MacLeod used his influence to secure Government aid for the Gaels during the potato famines of 1836-37 and 1847, earning the soubriquet, 'Caraid nan Gàidheal' (Friend of the Gael). A speech delivered in the Egyptian Room of the Mansion House, London, resulted in John Dunmore Lang, a Presbyterian minister in Australia, putting in place opportunities for Gaels to emigrate to Australia.

==Family==
He married Agnes Maxwell of Aros; they had five sons and six daughters.
The two elder sons, Norman Macleod (1812–1872) and Donald became ministers of the Church of Scotland. Their third son, Sir George Husband Baird MacLeod was a surgeon.

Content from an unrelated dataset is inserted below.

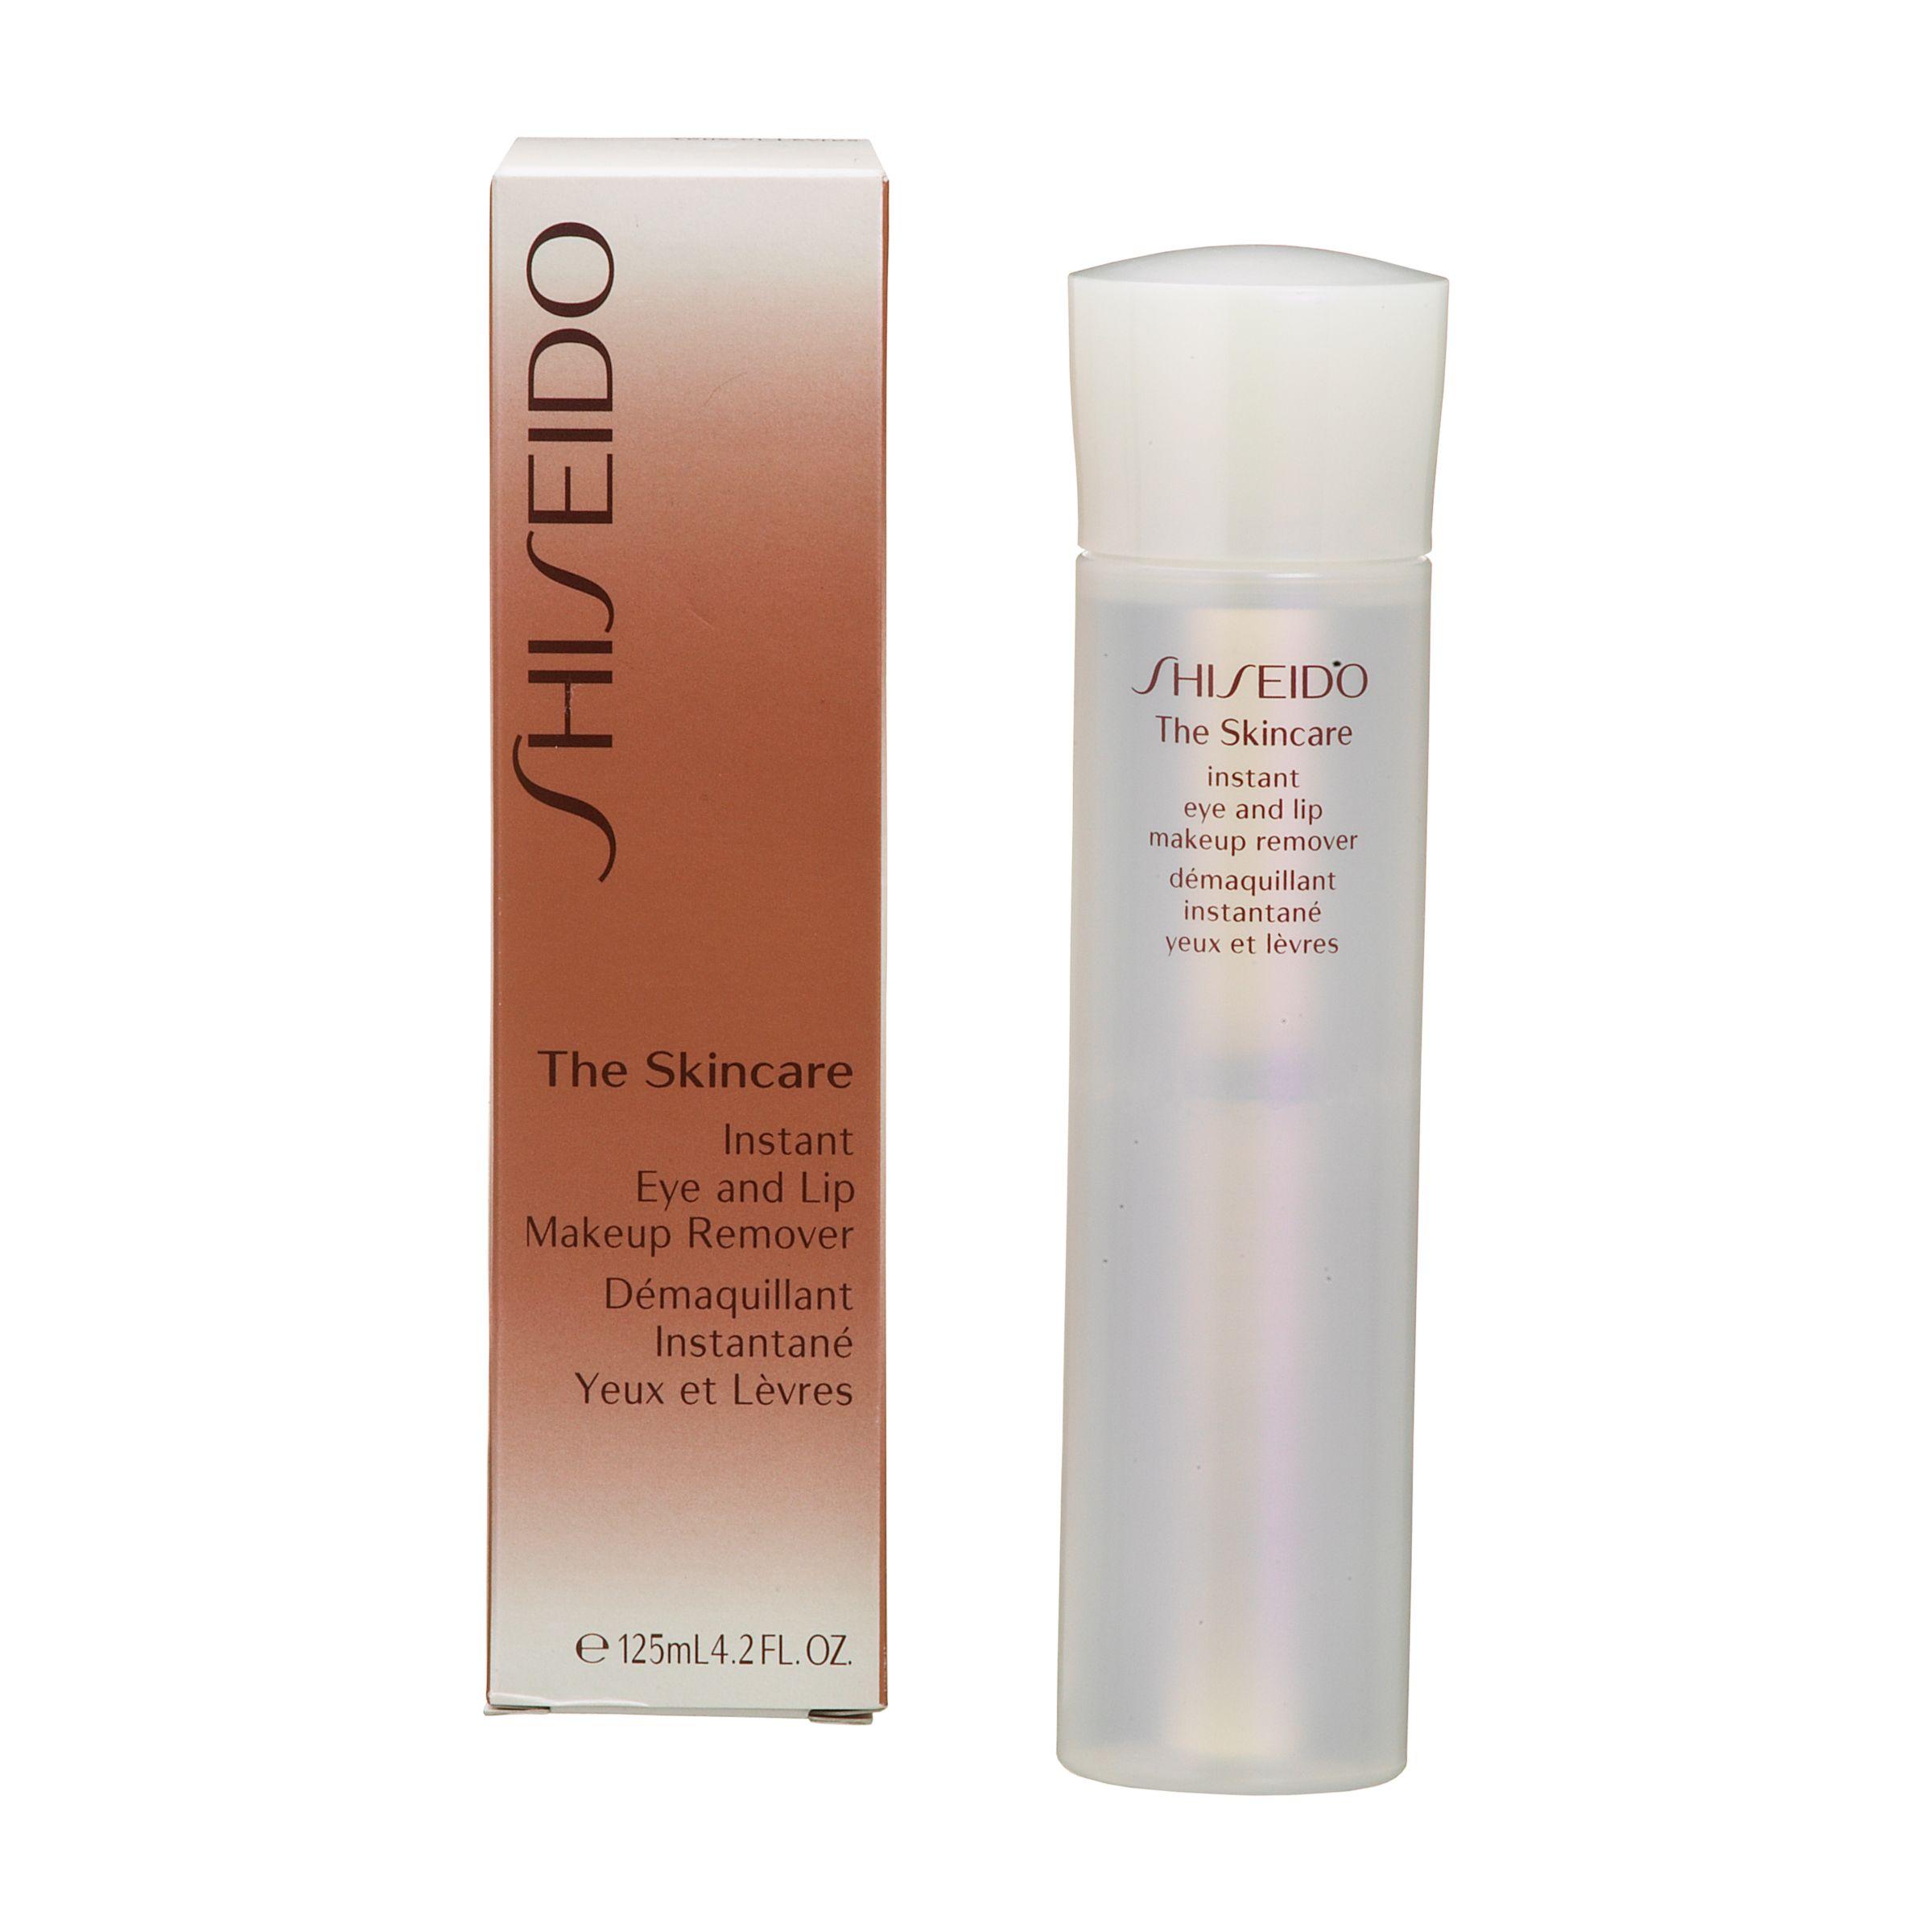 Shiseido Shiseido The Skincare Eye and Lip Makeup Remover, 125ml

MacLeod is sometimes confused with his son, also Rev. Dr. Norman MacLeod, 1812–72, also a Moderator of the General Assembly (in 1869), and author of Morvern, a Highland Parish (first published 1867) and of the song "Farewell to Fiunary".

A statue was erected to Norman Jr. in Cathedral Square, Glasgow, showing him in the court dress of Moderator of the General Assembly of the Church of Scotland, over which he wears the Geneva gown of a Minister of that Church, with the hood of a Doctor of Divinity. He sports the badge of Dean of the Thistle. He is brandishing a Bible and raising his hand in preaching. He can also be seen, this time greeting Queen Victoria, in a relief on her statue in George Square on the occasion of her visit to the Cathedral. The location is significant as it is next to the old Barony Church, of which his son, also Norman was minister from 1851. His greatest renown is for his tireless work on behalf of the huge population of what was then perhaps the poorest slum parish in the city, promoting education and welfare schemes, building schools and mission churches, a penny savings bank, and temperance refreshment rooms.